▸ **ENTRIES SHOWN**
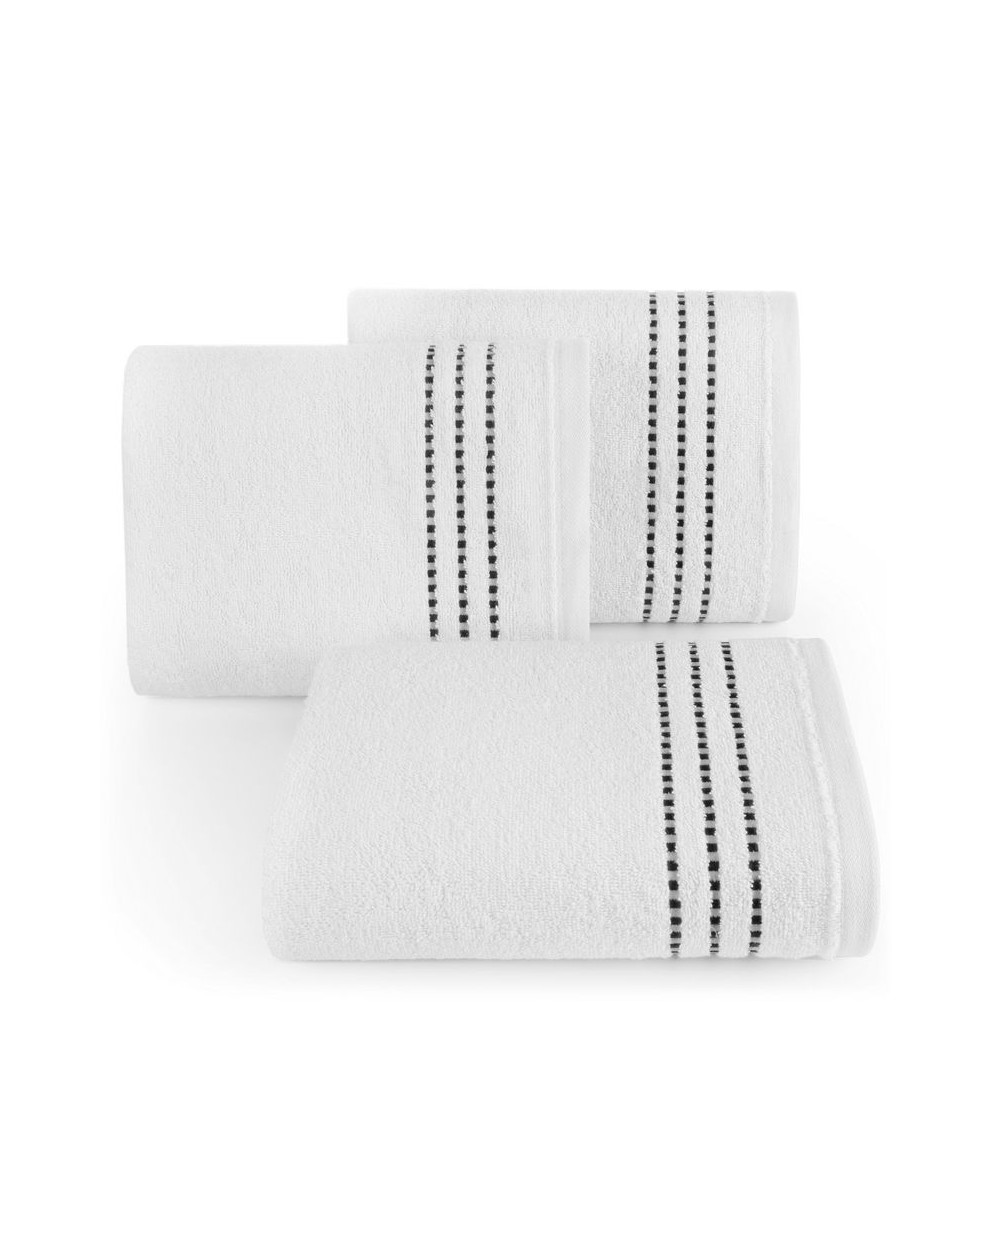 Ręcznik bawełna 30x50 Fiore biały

==

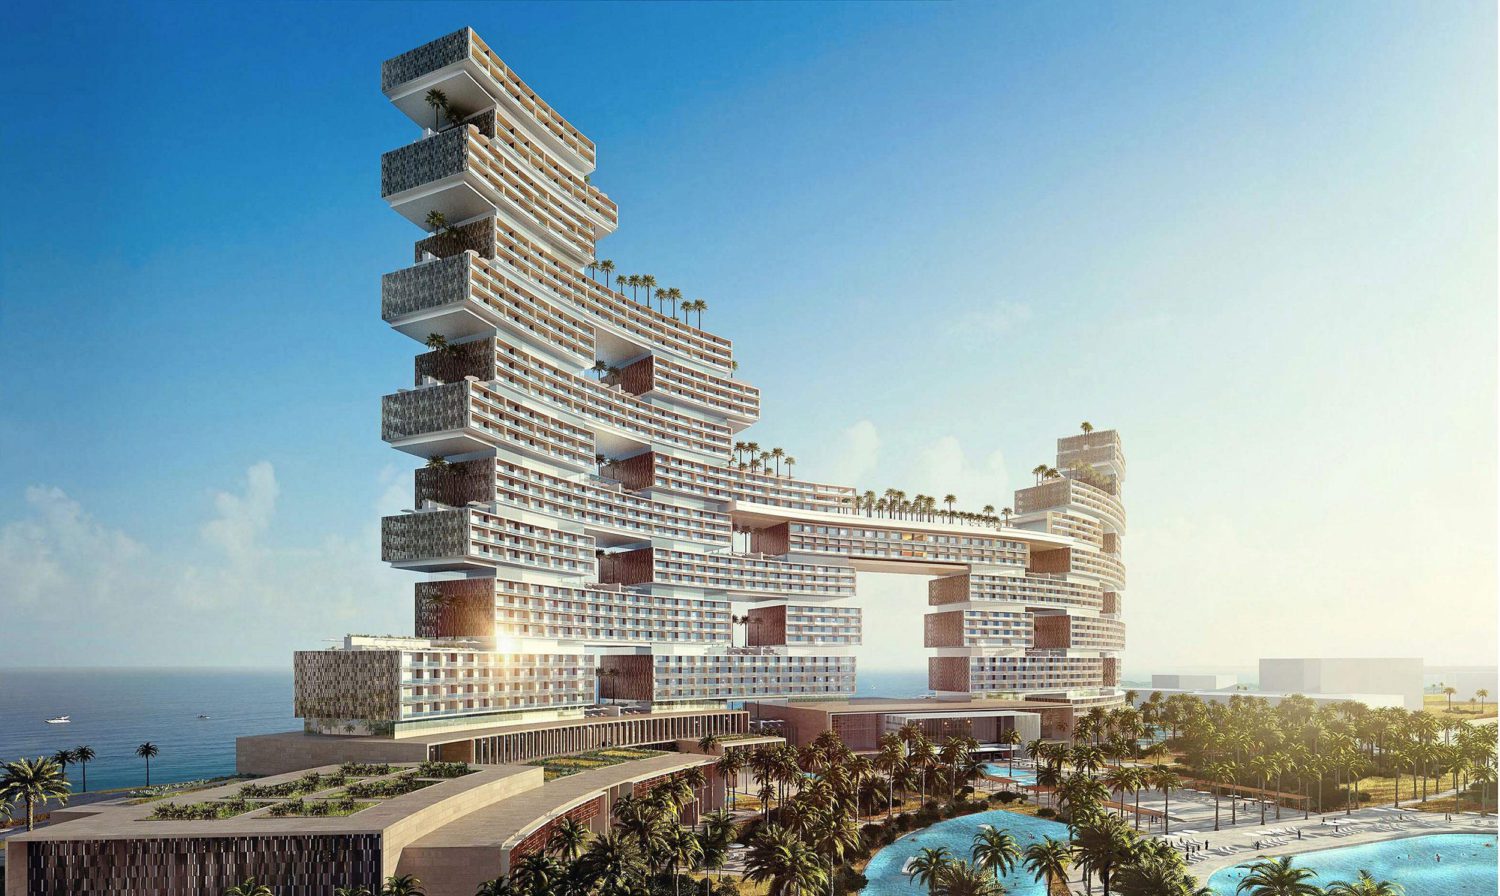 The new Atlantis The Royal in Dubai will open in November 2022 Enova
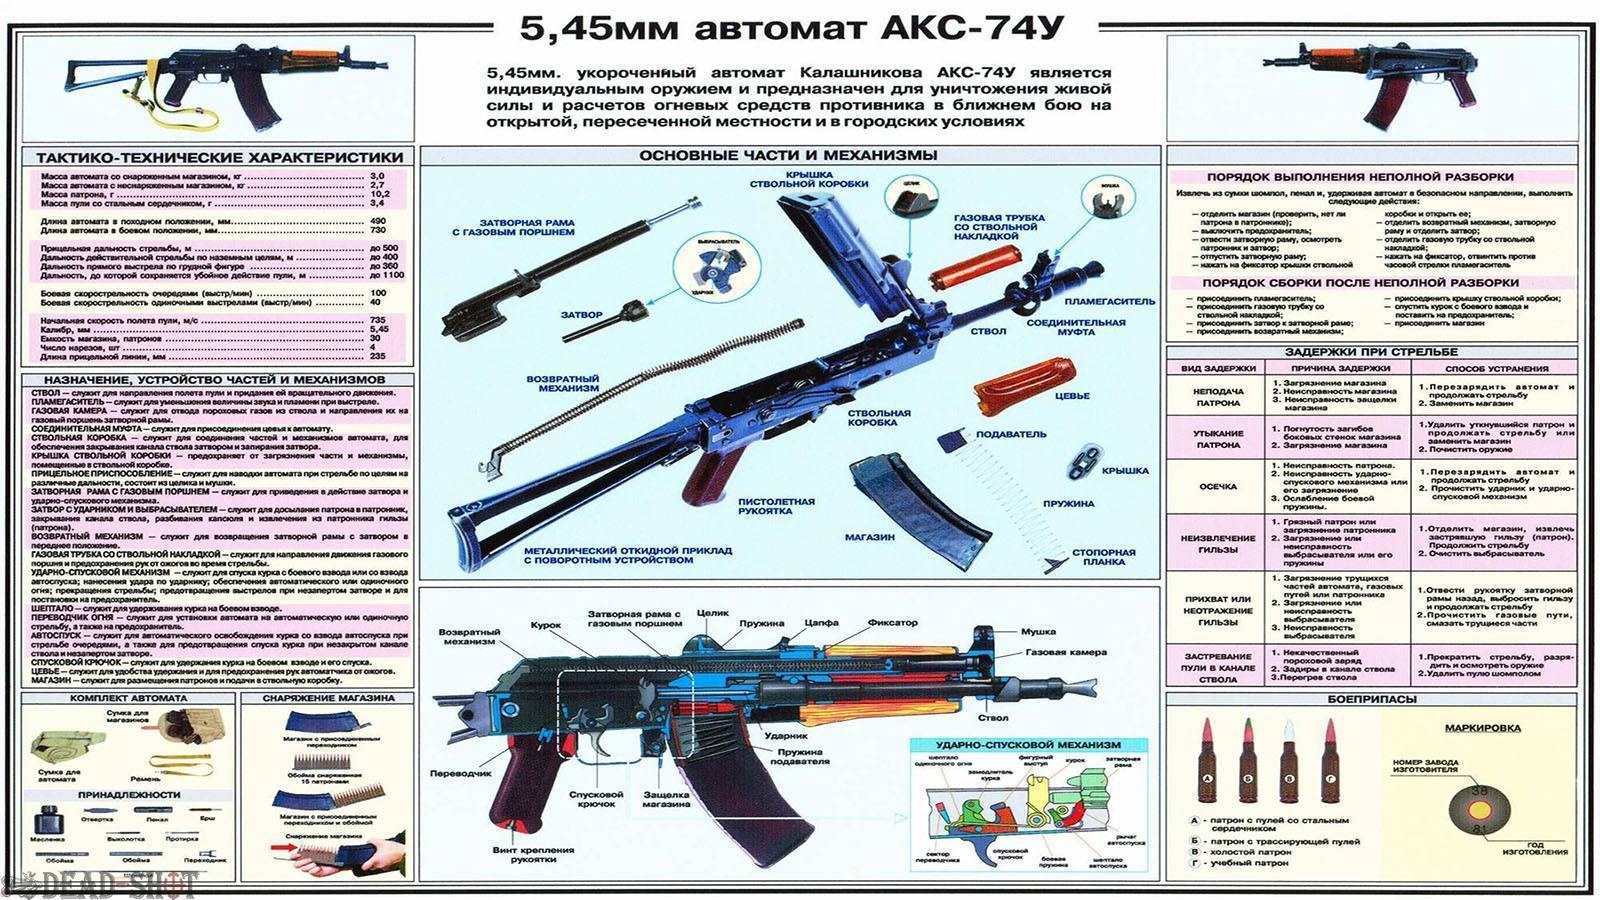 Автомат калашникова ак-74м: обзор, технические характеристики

▸ **YOUR ASSIGNMENT**
Retype, exactly and with no pictures, everything above from the line with "The new Atlantis" down to the line with "Автомат калашникова ак-74м: обзор, технические", both included.

▸ **REPLY**
 The new Atlantis The Royal in Dubai will open in November 2022 Enova
 Автомат калашникова ак-74м: обзор, технические характеристики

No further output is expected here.